The importance of marginalized party list cannot be over emphasized. The parties herein appeared to know its importance and especially the interested party and the 1st respondent who are the main players in that regard .Both parties through their witnesses,DW1 Salome OYUGI who handles political parties issues with the IEBC and DW3 Jared MAAKA who is the executive director of Wiper Democratic Movement-Kenya said that list is held in priority over the gender top list. That the list must have youth, persons with disability and other marginalized groups.
DW1 said because it was the prerogative of the parties to compile their lists, then it mattered not the manner in which the groups in that category are prioritized so long as the list contains all the categories within the marginalized group. She said the interested party was only entitled to three slots and that it prioritized the youth to occupy those three slots. That IEBC picked the three youth as prioritized as it was the parties’ prerogative to prioritize the list. To her, the IEBC is to only rubber stamp what is presented to it by the parties whether it finds any anomaly in prioritization or not.
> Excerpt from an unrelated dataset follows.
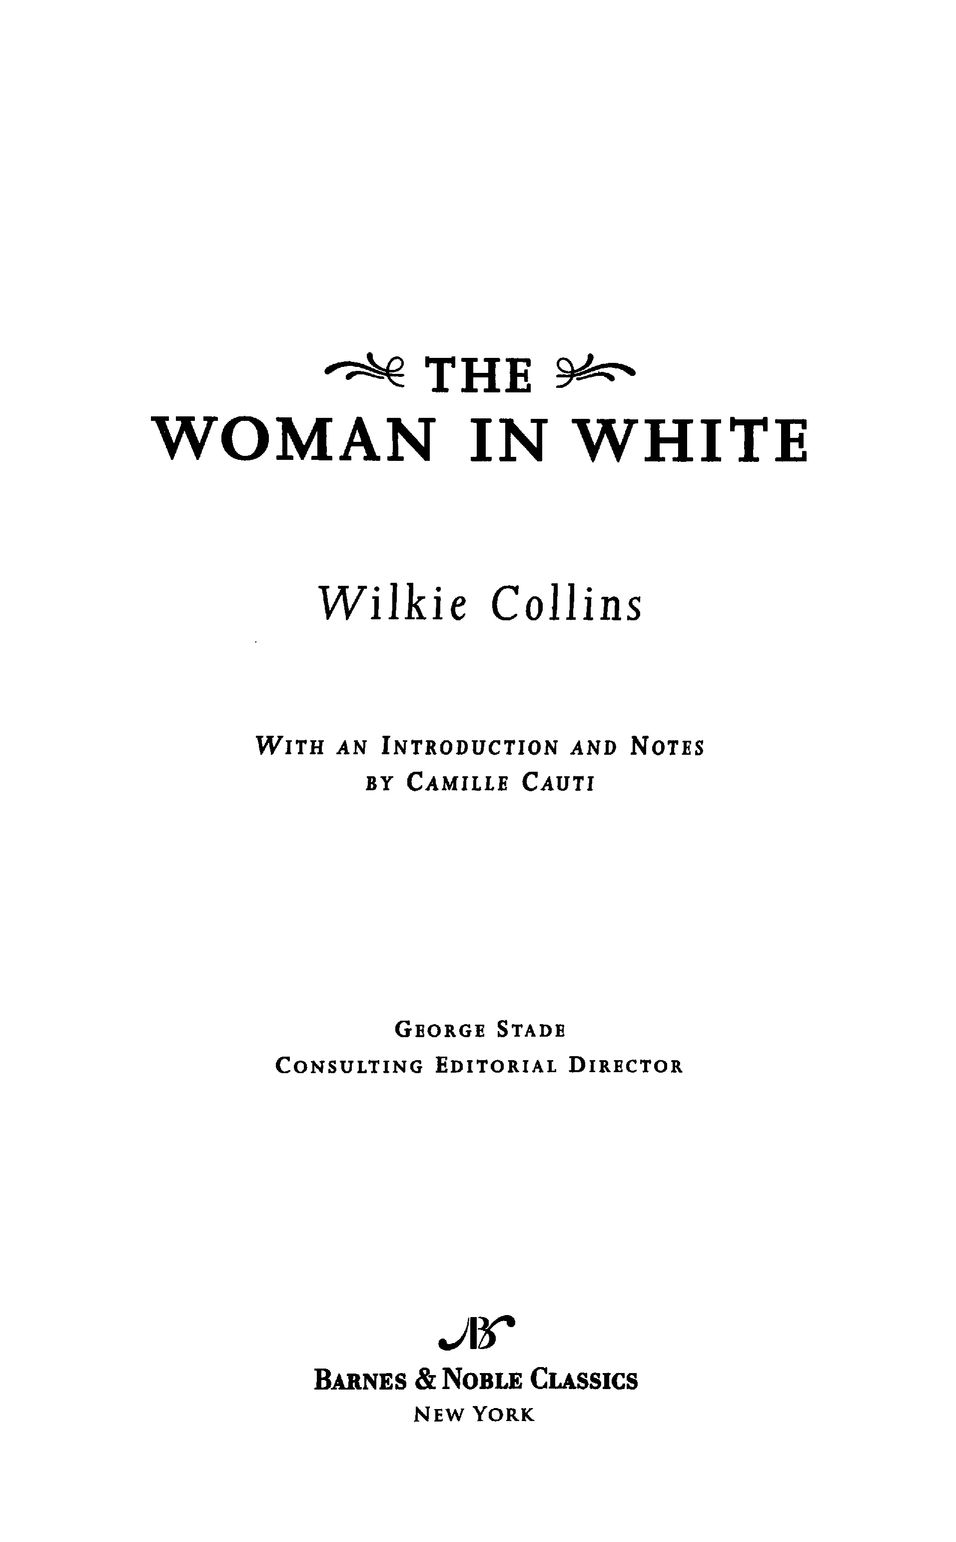 WILKIE COLLINS William Wilkie Collins was born in London on January 8 1824 - photo 2

I don’t think so.In the case Lydia Mathia v Naisula Lesuuda & another [2013] eKLR ,the court had the following to say about the role of the IEBC on party list for special seats;
‘……………..by holding that the 2nd Respondent (IEBC) could not designate as it did in this case, this Court would be limiting the 2nd Respondent from doing what it was required to do under the Constitution thus, defending the Constitution as required under Article 3 (1) of the Constitution. Political Parties are guided by the Elections Act on how to nominate their members by considering the regional and ethnic diversity and in doing so, comply with the provisions of Article 10 on national values and governance. If a political party fails to do so then it is only appropriate for IEBC, which has the mandate to conduct, supervise and regulate elections, to step in and ensure compliance in accordance with the provisions of the Constitution and election laws. I agree with the 2nd Respondents submissions, that the Petitioner is now estopped from asserting or claiming that the 2nd Respondent lacks that same mandate to ensure ethnic and regional diversity.”
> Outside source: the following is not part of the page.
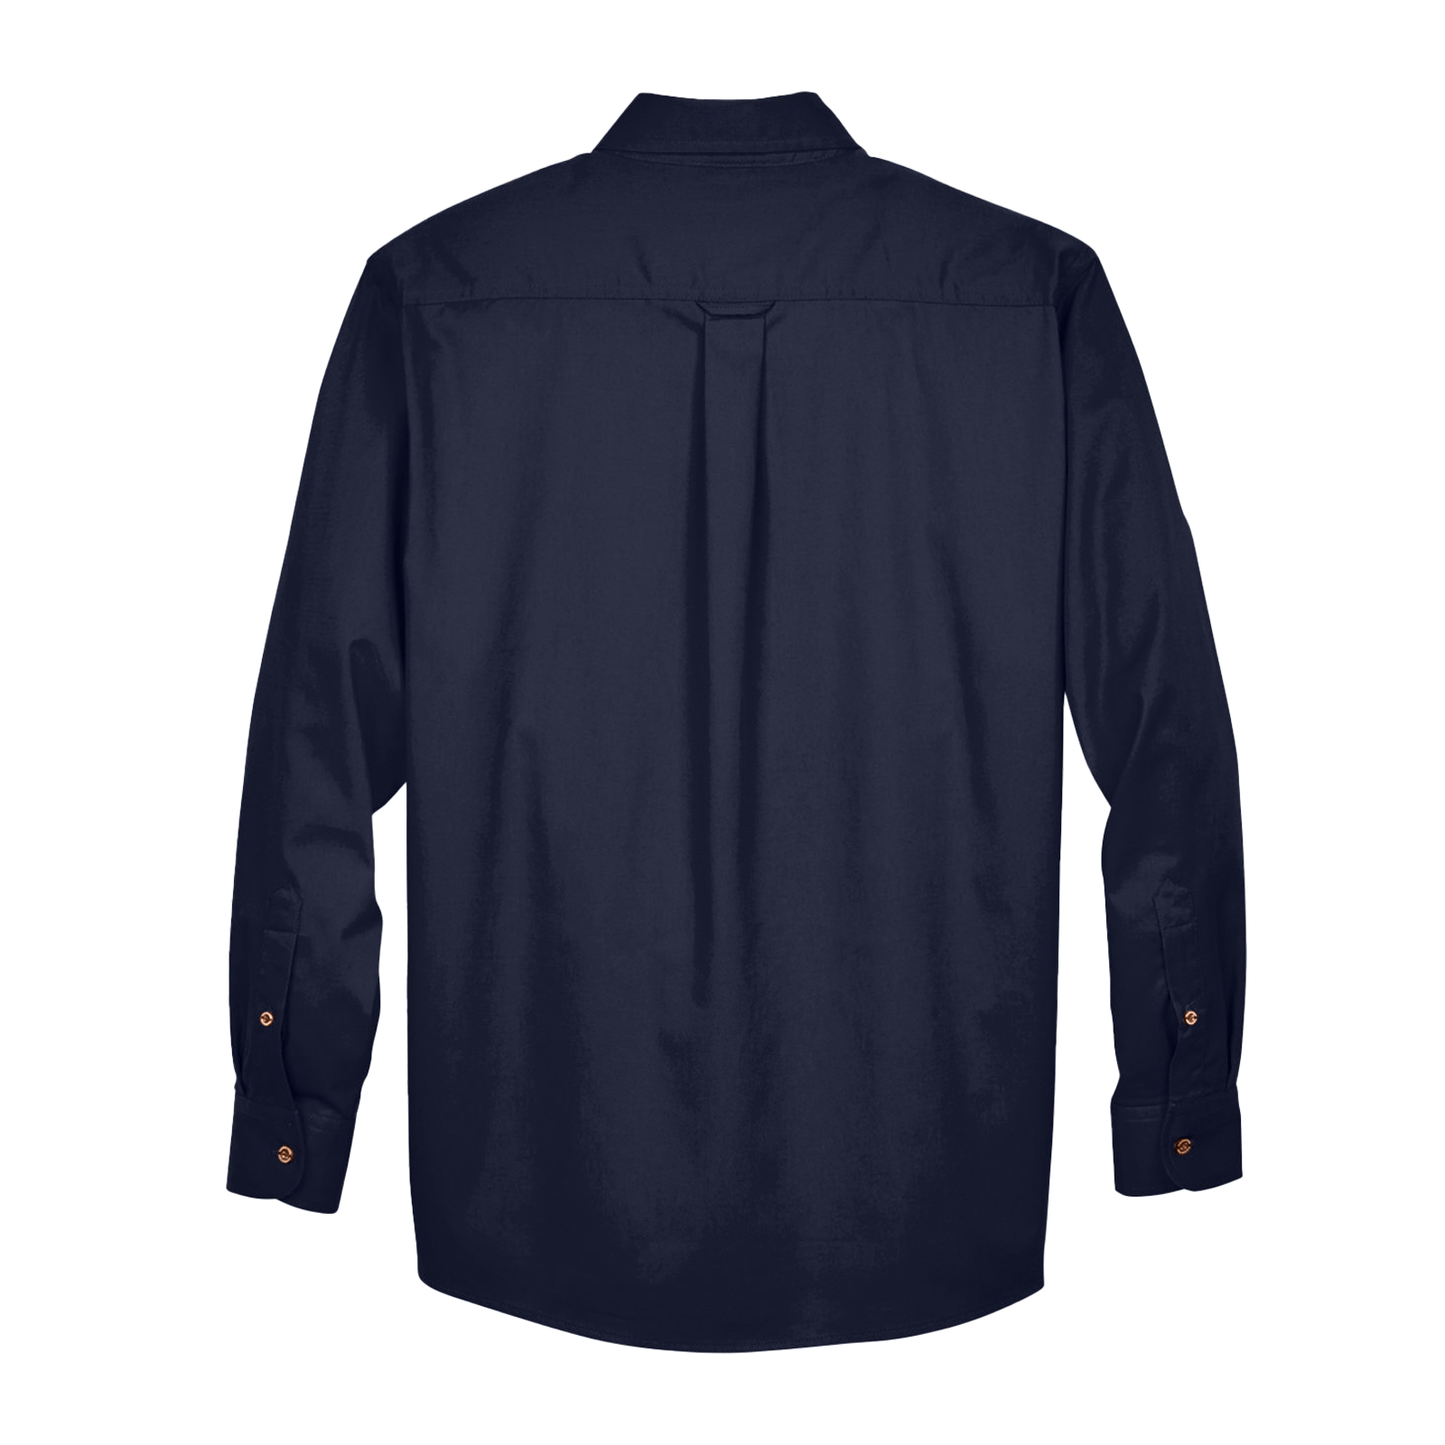 Team USA, Harriton Men's Easy Blend™ Long-Sleeve Twill Shirt with Stain-Release

In the same case and quoting other cases the court reiterated;
“The legal framework for the nomination of candidates to the Senate, National Assembly and County Assembly was intended to inject equity, rationality, objectivity and inclusivity into the nomination process……As concerns nomination of members of the National Assembly, Senate and County Assembly the exercise of discretion by political parties was required to promote gender equity and also regional diversity in accordance with the provisions of Article 90 of the Constitution of Kenya. The requirement for the lists to reflect the regional and ethnic diversity of the people of Kenya meant that to ensure that no ethnic group or region of the country dominates the list provided by the parties,IEBC is obliged in accepting the party lists to ensure compliance with the provisionsof Regulation 55 (2) of the General Regulation which empowers IEBC to ensure that the party lists comply with the requirements of the Constitution, the Elections Act 2011 and the regulations.”
DW3 while admitting there is no superior category in marginalized group said its party prioritized the youth as others would follow in line in case of death or resignation of the nominees.
While it’s the prerogative of parties to draw their list of nominees and in what order of priority they will appear, the law dictates that fairness, equityand non-discrimination and non-prejudice must be observed. For gender top up list that is achieved by listing the appropriate number of qualified candidates and alternating between male and female candidates in the priority in which they are listed. For marginalized list other than applying the zebra format similar alternate formula is required among the categories in the list and the picking of the nominees by IEBC must employ such alternate formula for candidates who qualify.
In the case–Vs- Lydiah Nyaguthii Githendu –vs- The IEBC &7 Others [2015] eKLR
The court stated that such a list ….”is expected to contain a total of eight (8) names whose arrangement is to pay heed to the gender equality rule,and alternating of male and female and then indicate whether the proposed nominee had been proposed as a person with disability , a marginalized person or as a youth”
Article 100 of the constitution underscores the need for promotion of marginalized groups especially women, persons with disability, youths, ethnicand other minority categories. Whenever these lists are made, the alternate formula must be applied. For example section 36(2) of the Elections Act stipulates interalia,
“A party list submitted…………shall contain alternatives between male and female candidates in the priority in which they are listed”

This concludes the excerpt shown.